** DATASET CONTENT **
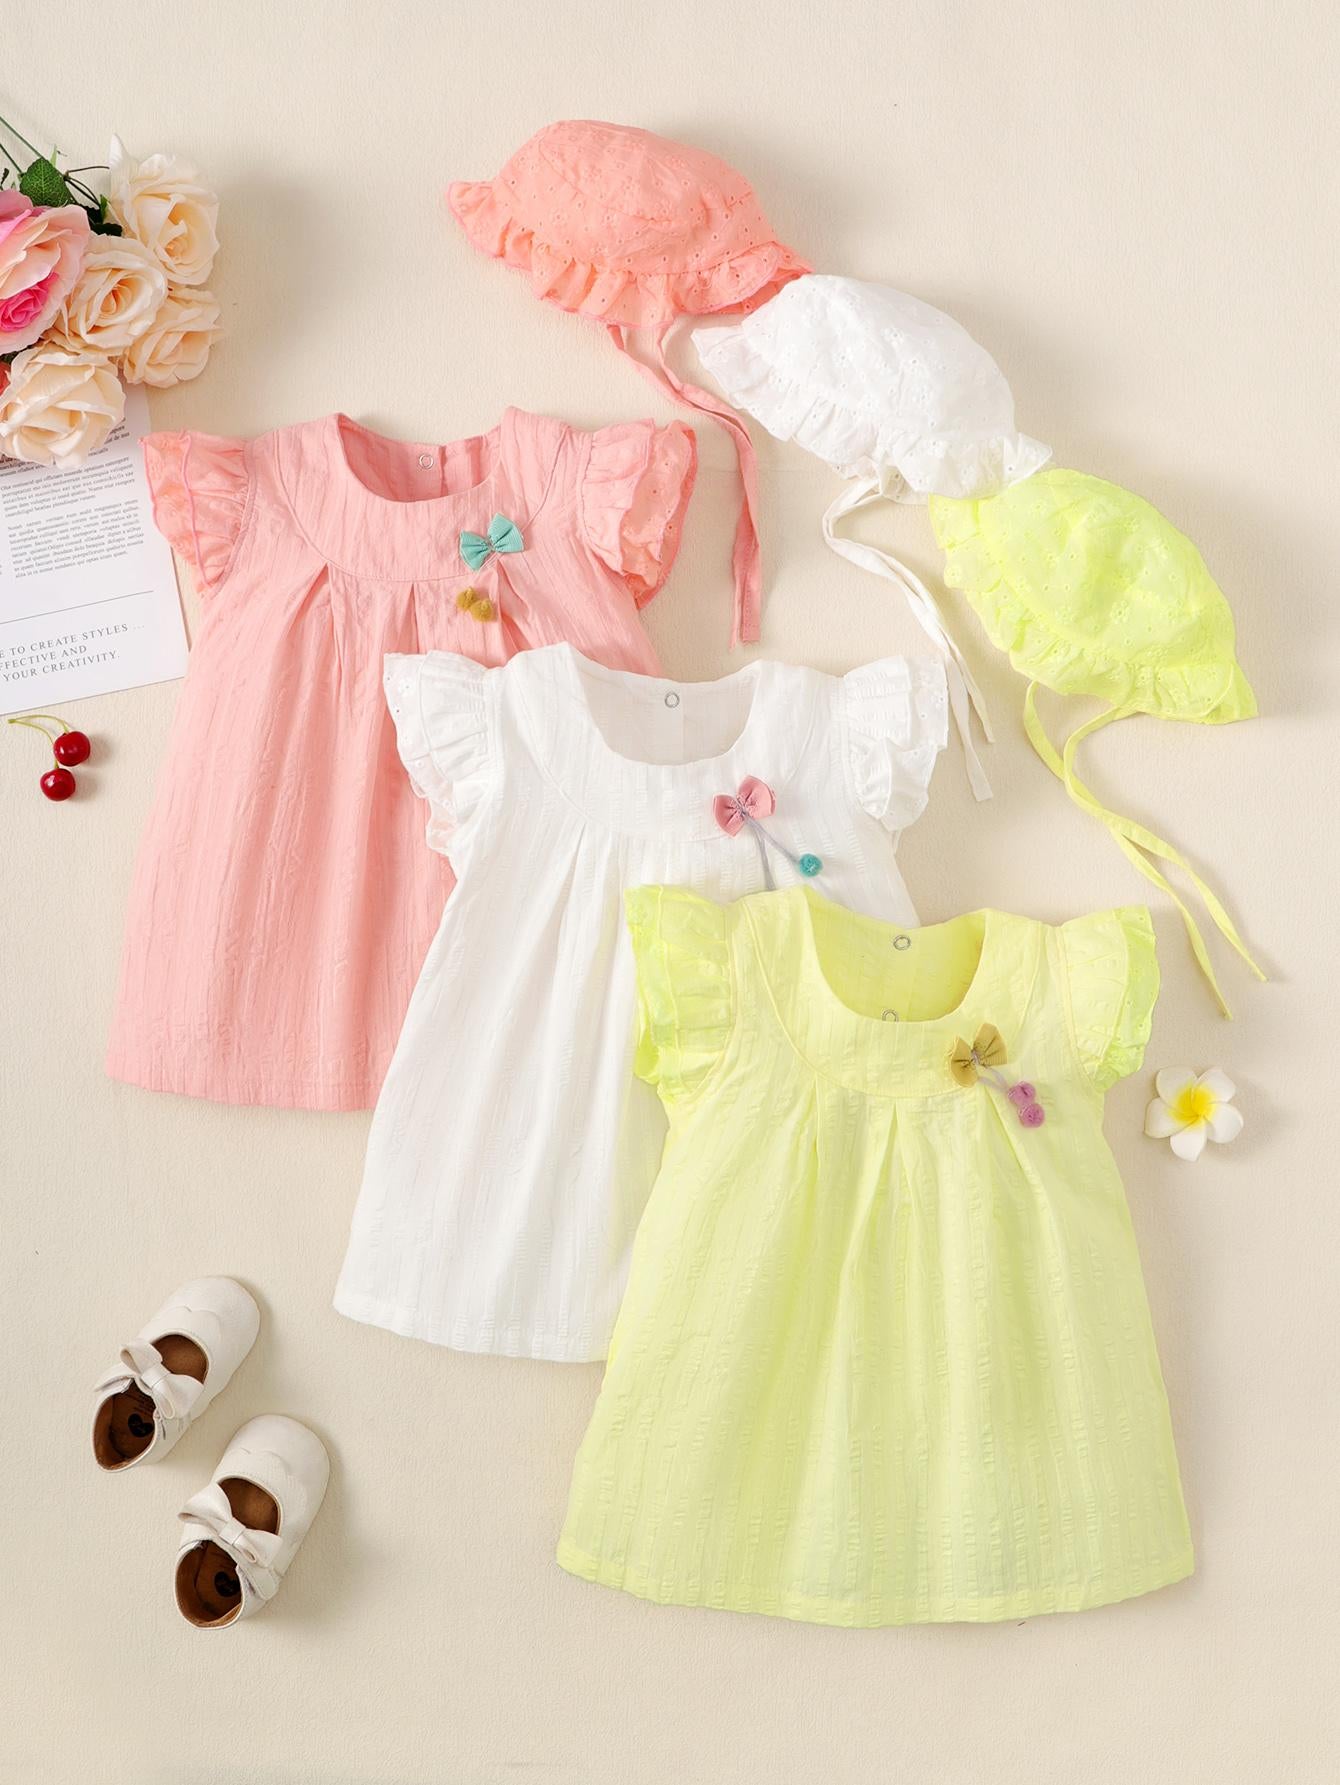 2-15M Kid Fashion Ready Stock Girls Outfits Sleeveless Solid Color Summer Dress With Hat 2Pcs Clothes Set Catpapa  ZX-ZB001
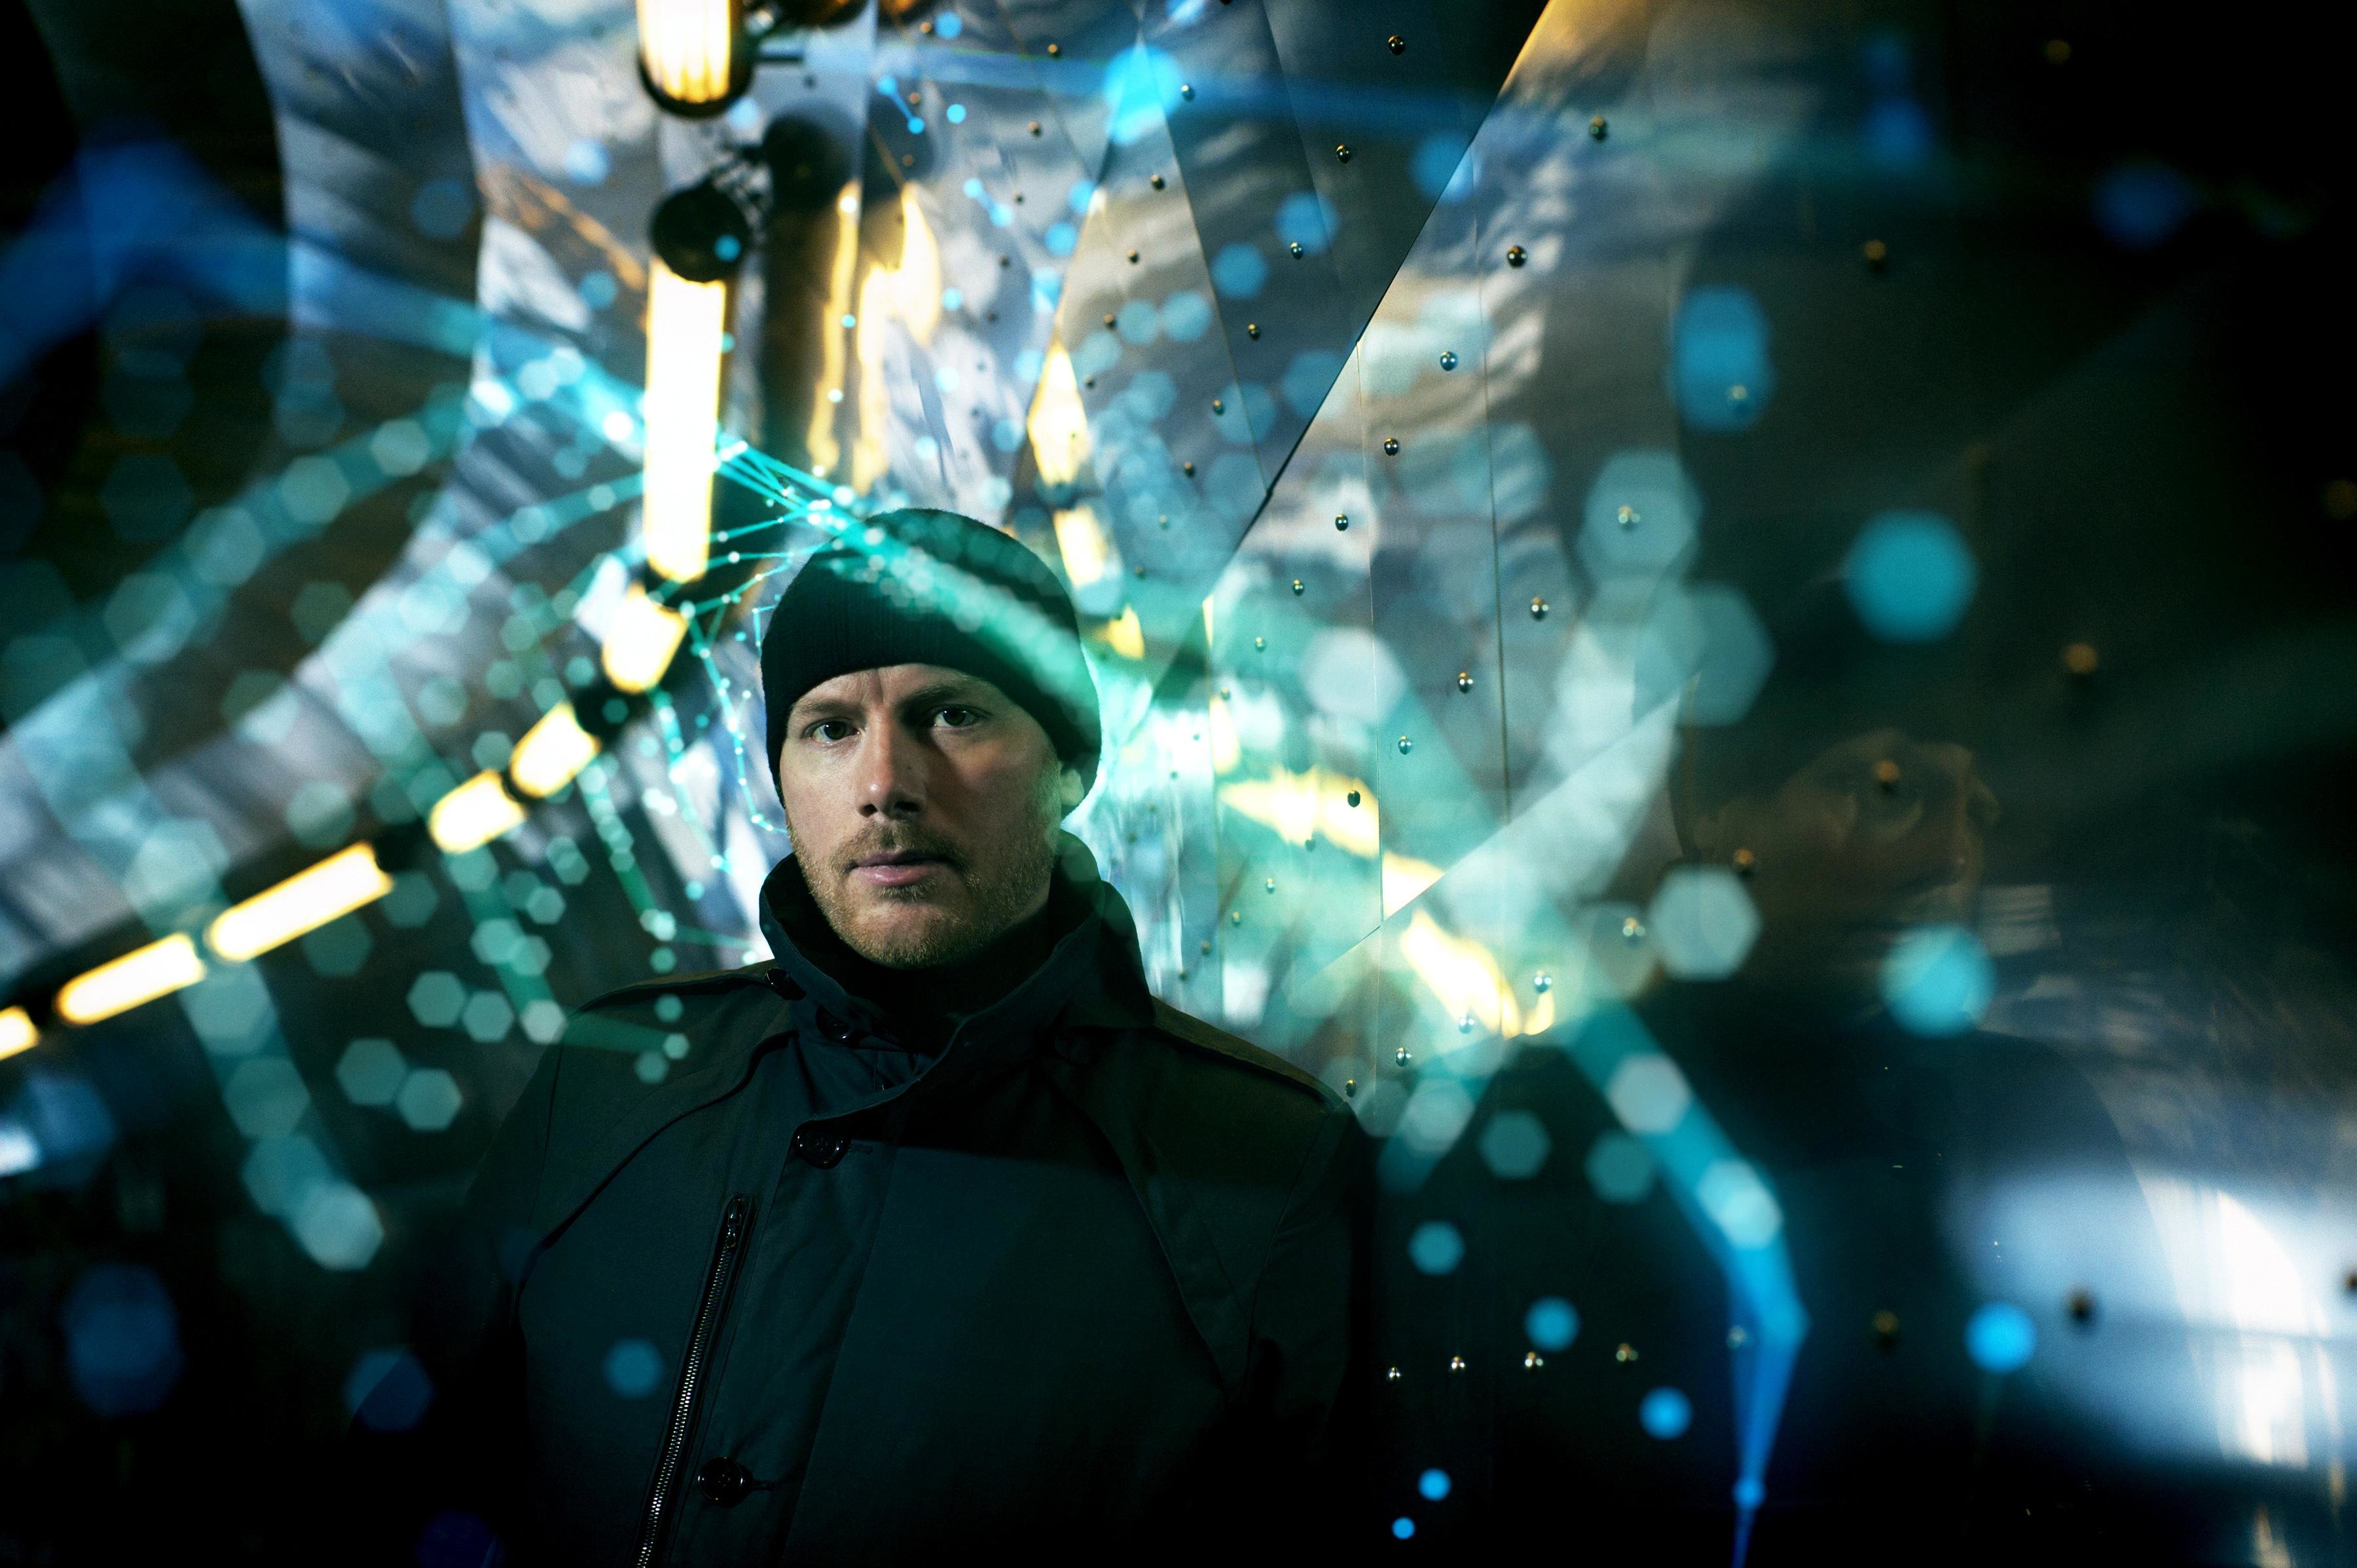 HQ Eric Prydz Wallpapers | File 958.79Kb
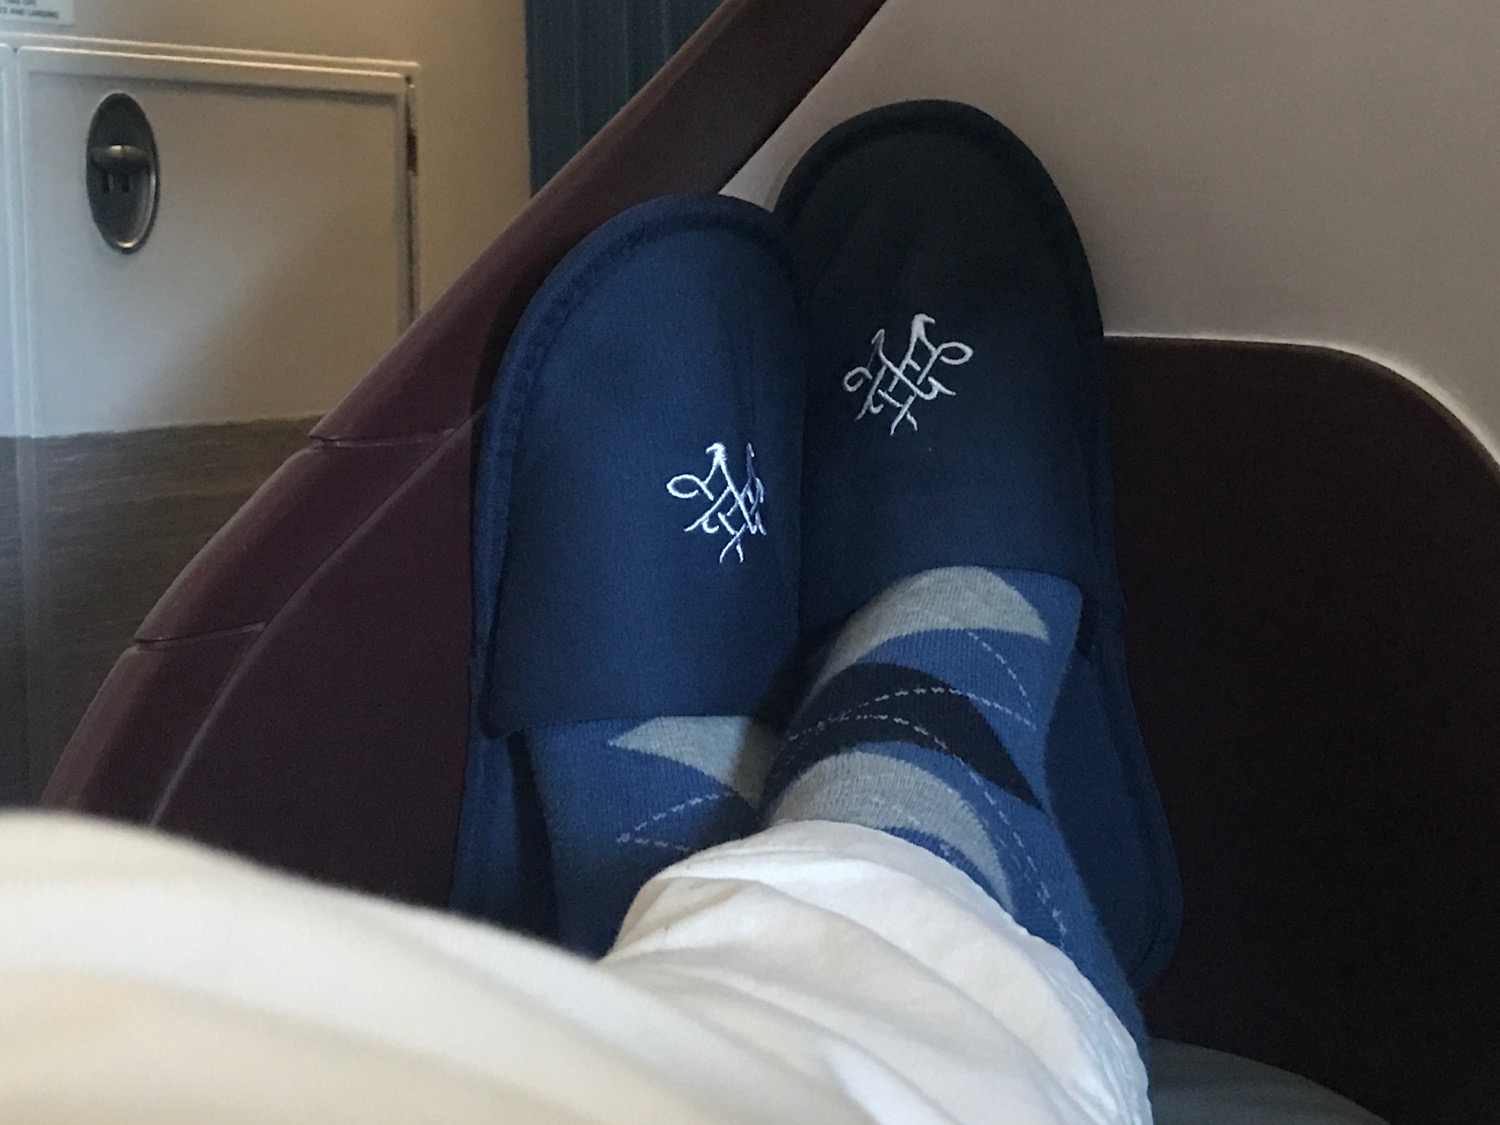 a person's feet wearing blue slippers

** ACTIVITY **
Output all data exactly, omitting images.

** SOLUTION TO THE EXERCISE **
 2-15M Kid Fashion Ready Stock Girls Outfits Sleeveless Solid Color Summer Dress With Hat 2Pcs Clothes Set Catpapa  ZX-ZB001
 HQ Eric Prydz Wallpapers | File 958.79Kb
 a person's feet wearing blue slippers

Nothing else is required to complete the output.